= James Bryan (mining executive) =

American businessman (1789–1822)

James Bryan (1789–1822) was an American mining entrepreneur whose efforts in concert with others brought economic development to Missouri. Bryan operated "Bryan's Mines" on Hazel Run, north of Big River, in SW 1/4 of Sec. 33, T. 37N. 5E. in 1806; this location is also known as "Hazel Run Lead Digging."

Bryan owned significant land in Missouri, including a plantation, and donated land in Missouri to the public for the construction of public buildings there. A transfer of Missouri land to Bryan from his father-in-law, mining entrepreneur Moses Austin, eventually became the subject of the 1885 United States Supreme Court case Bryan v. Kennett, which has been called the Court's ratification of the Louisiana Purchase. Bryan was also a significant land owner in Arkansas, and was recognized in a book published by the Arkansas History Commission.
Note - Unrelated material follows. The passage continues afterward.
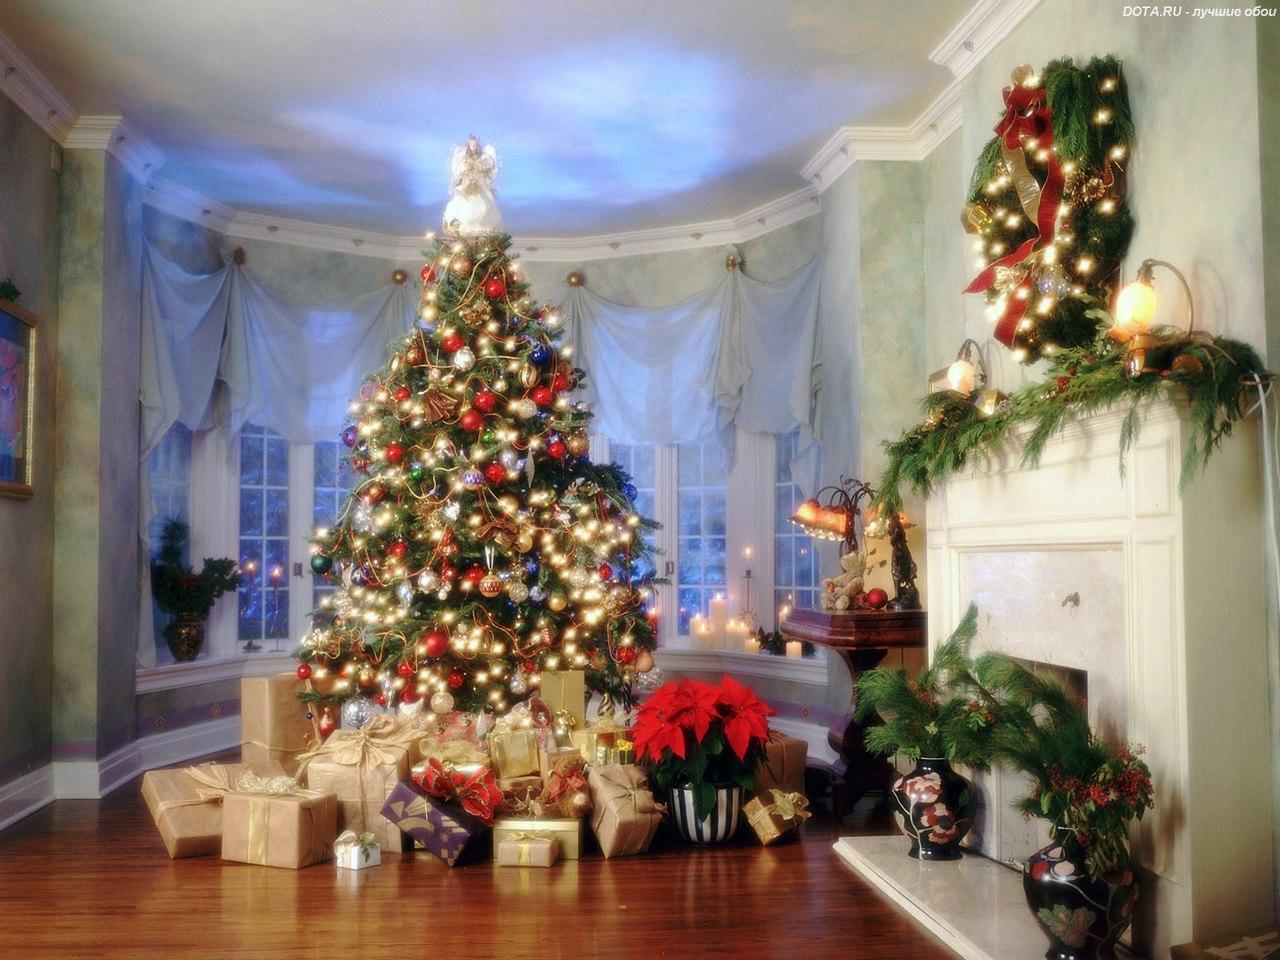 Сделаем праздник ярче! Широкий ассортимент Новогодних товаров: елки, электрогирлянды и различные украшения для Вашего дома. Отличный выбор на любой вкус!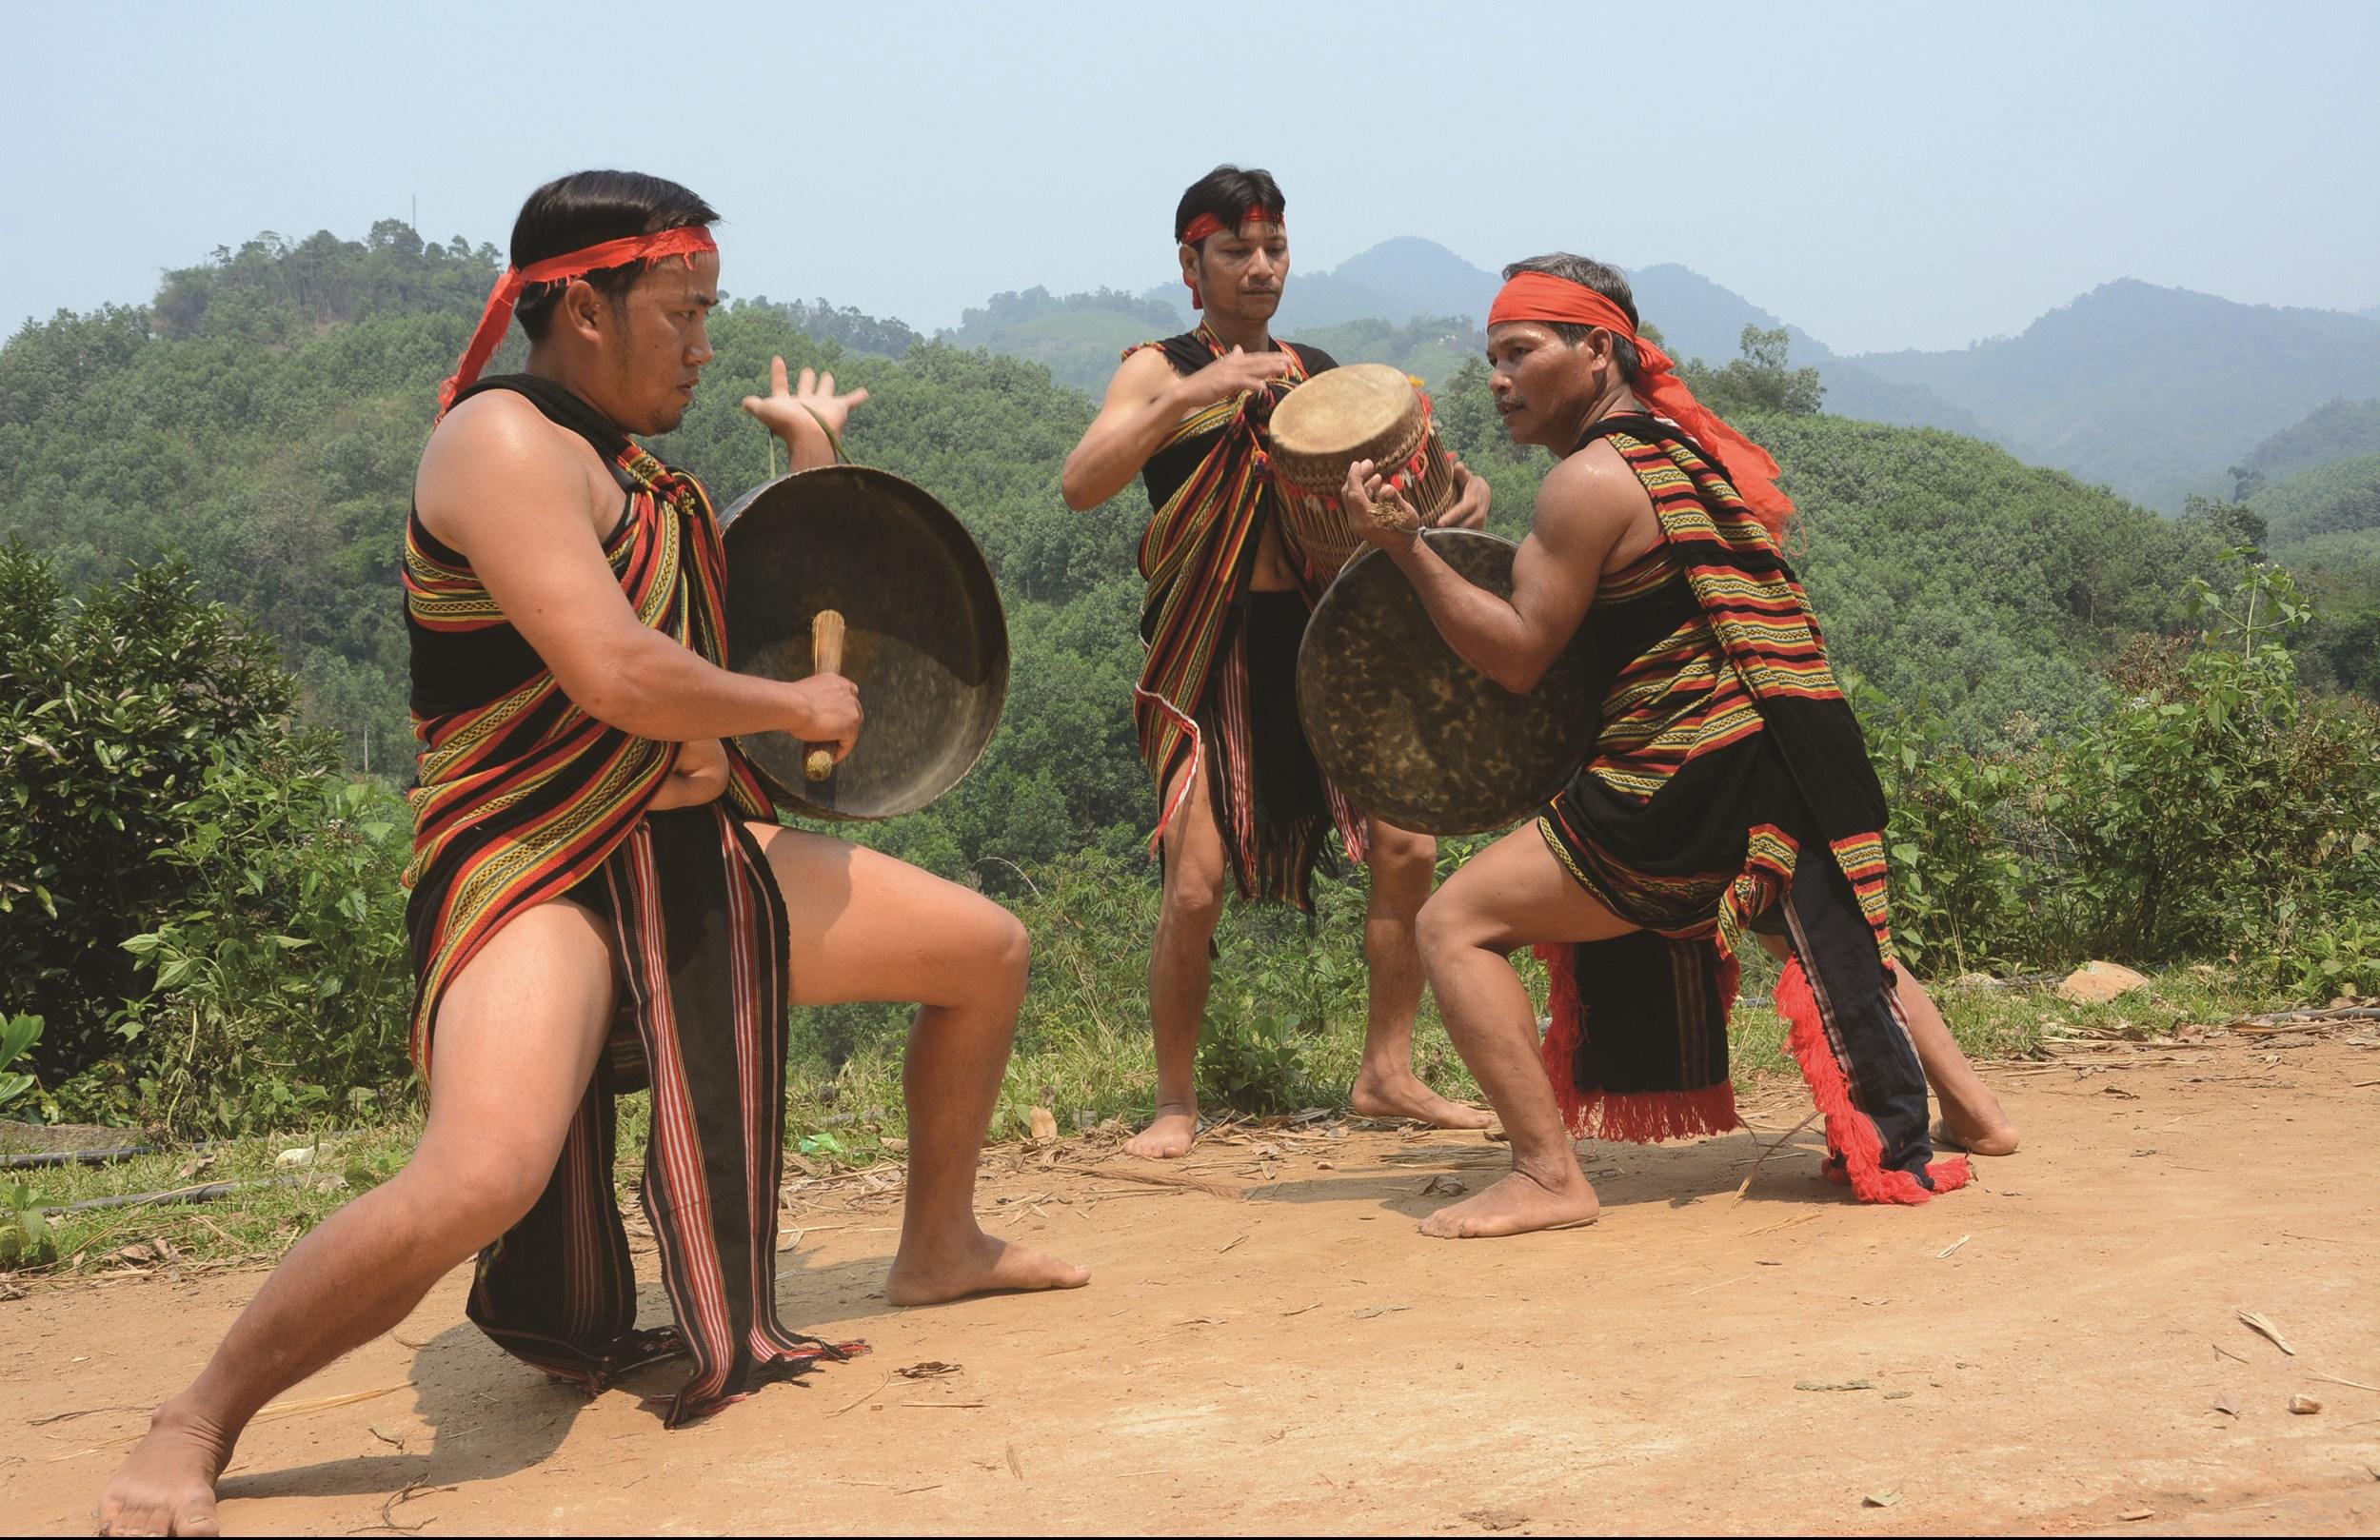 Nhờ sự quan tâm của các cấp, ngành và những người có tâm huyết, nhiều di sản văn hóa của các DTTS được bảo tồn và phát huy. (Trong ảnh: Tiết mục đấu chiêng của người Cor)

==Family and Legacy Impact on Development of Texas==
Paternally, James Bryan began a family which had a unique and dramatic impact on the early Anglo development of Texas. James was the first husband of Emily Margaret Brown Austin, brother-in-law of Stephen F. Austin, son-in-law of Moses Austin, and father to several early Anglo settlers of Texas including William Joel Bryan, Moses Austin Bryan. and Guy Morrison Bryan. The Briscoe Center for American History at the University of Texas deems James Bryan historically significant in that they maintain writings as well as communications that pertain to him under the heading "Bryan, James" such as: "Austin Papers, 1676, 1765-1889" and *Bryan (James) Papers, 1799-1822". Moses Austin sent Bryan a memorandum at or about 1819 and this is found in the collection at the University of Texas.

==Family and Life Cycle==
James was born October 18, 1789, in Haycock Township, Bucks County, Pennsylvania. He died on July 16, 1822, in Hazel Run, Missouri. Emily and James married on August 31, 1813, at Durham Hall, in Mine au Breton, Washington County, Missouri. The two lived with Emily's parents at their home called Durham Hall, in Missouri, from 1813 to 1814. In 1815, they moved to Hazel Run, Missouri, and also later to Herculaneum, Missouri. Emily and James Bryan had five children:
- Stephen Austin Bryan was born on July 17, 1814, in Durham Hall, Missouri. He died on August 12, 1814, in Durham Hall, Missouri.
- William Joel Bryan was born on December 14, 1815, in Hazel Run, Saint Genevieve, Missouri. He died on March 13, 1903.
- Moses Austin Bryan was born on September 25, 1817, in Herculaneum, Jefferson County, Missouri. He died on March 16, 1895, in Brenham, Texas.
- Guy Morrison Bryan was born on January 12, 1821, in Herculaneum, Jefferson County, Missouri. He died on June 4, 1901, in Austin, Travis County, Texas.
- Mary Elizabeth Bryan was born on July 5, 1822, in Herculaneum, Jefferson County, Missouri. She died on August 4, 1833.

Moses Austin died at Bryan's home in 1821. James Bryan is buried in Hazel Run, Missouri.

Descendants of James Bryan meet each year in Jones Creek, Texas, at the Austin-Bryan-Perry reunion in recognition of the achievement of these three families.

There are some historical unknowns about James Bryan including whether he had a middle name, and the names of his parents and where their parents were from. Accordingly, the Bryan name association with Texas begins with James Bryan.